### [Your task]
Lines from the one containing "more sophisticated handling of" through the end of the data below are to be transcribed exactly; leave out all others.

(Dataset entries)
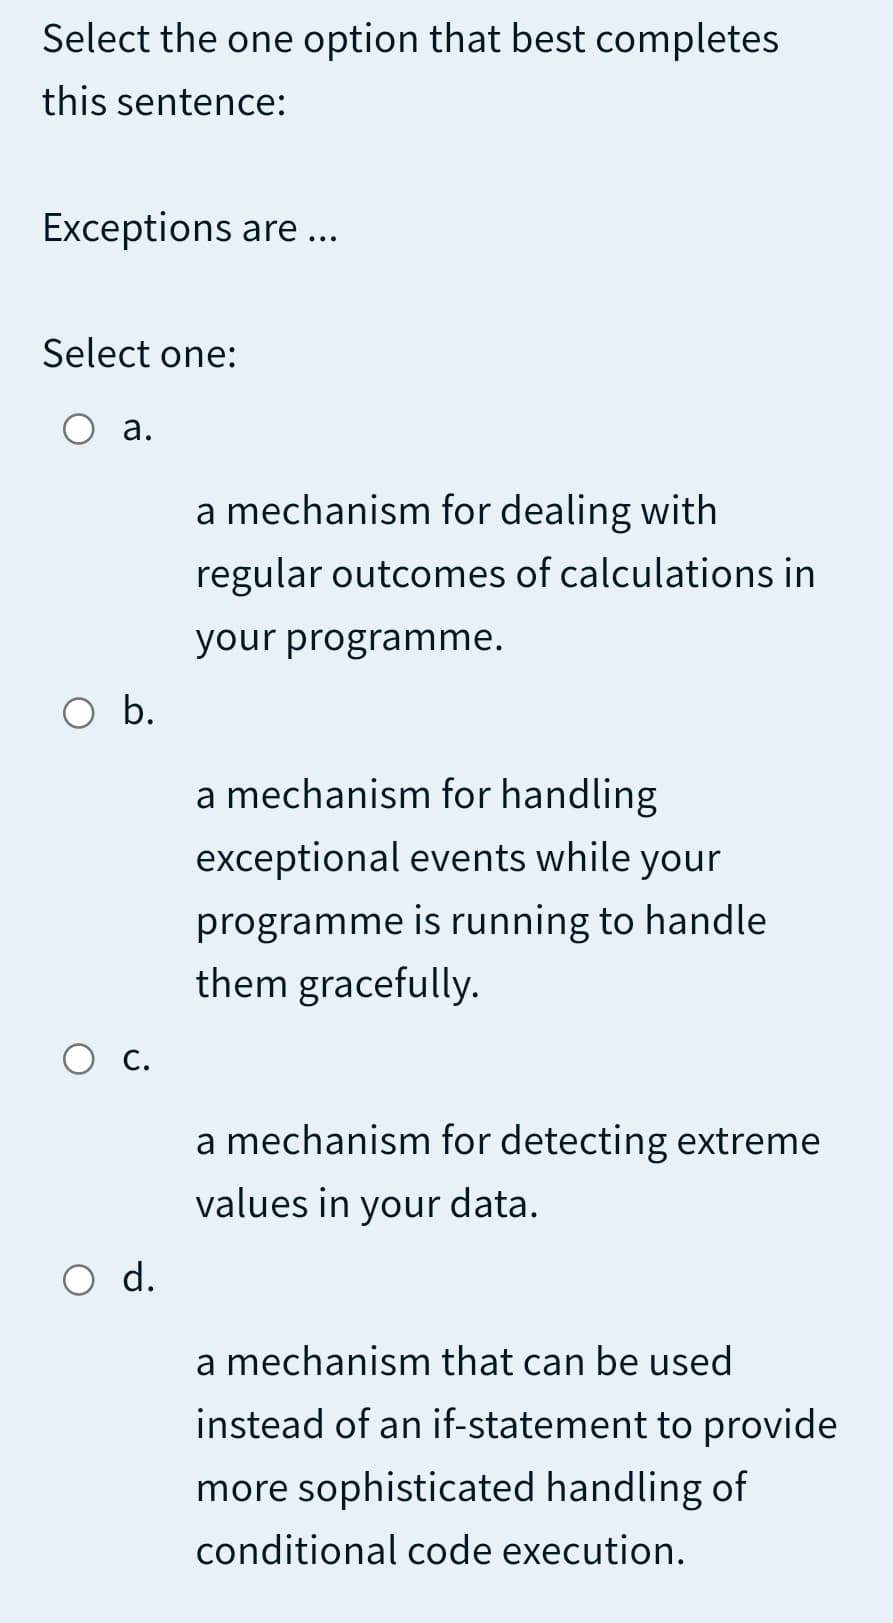 Select the one option that best completes
this sentence:
Exceptions are ...
Select one:
O a.
a mechanism for dealing with
regular outcomes of calculations in
your programme.
Ob.
a mechanism for handling
exceptional events while your
programme is running to handle
them gracefully.
Ос.
a mechanism for detecting extreme
values in your data.
d.
a mechanism that can be used
instead of an if-statement to provide
more sophisticated handling of
conditional code execution.

### [Answer to this problem]
more sophisticated handling of
conditional code execution.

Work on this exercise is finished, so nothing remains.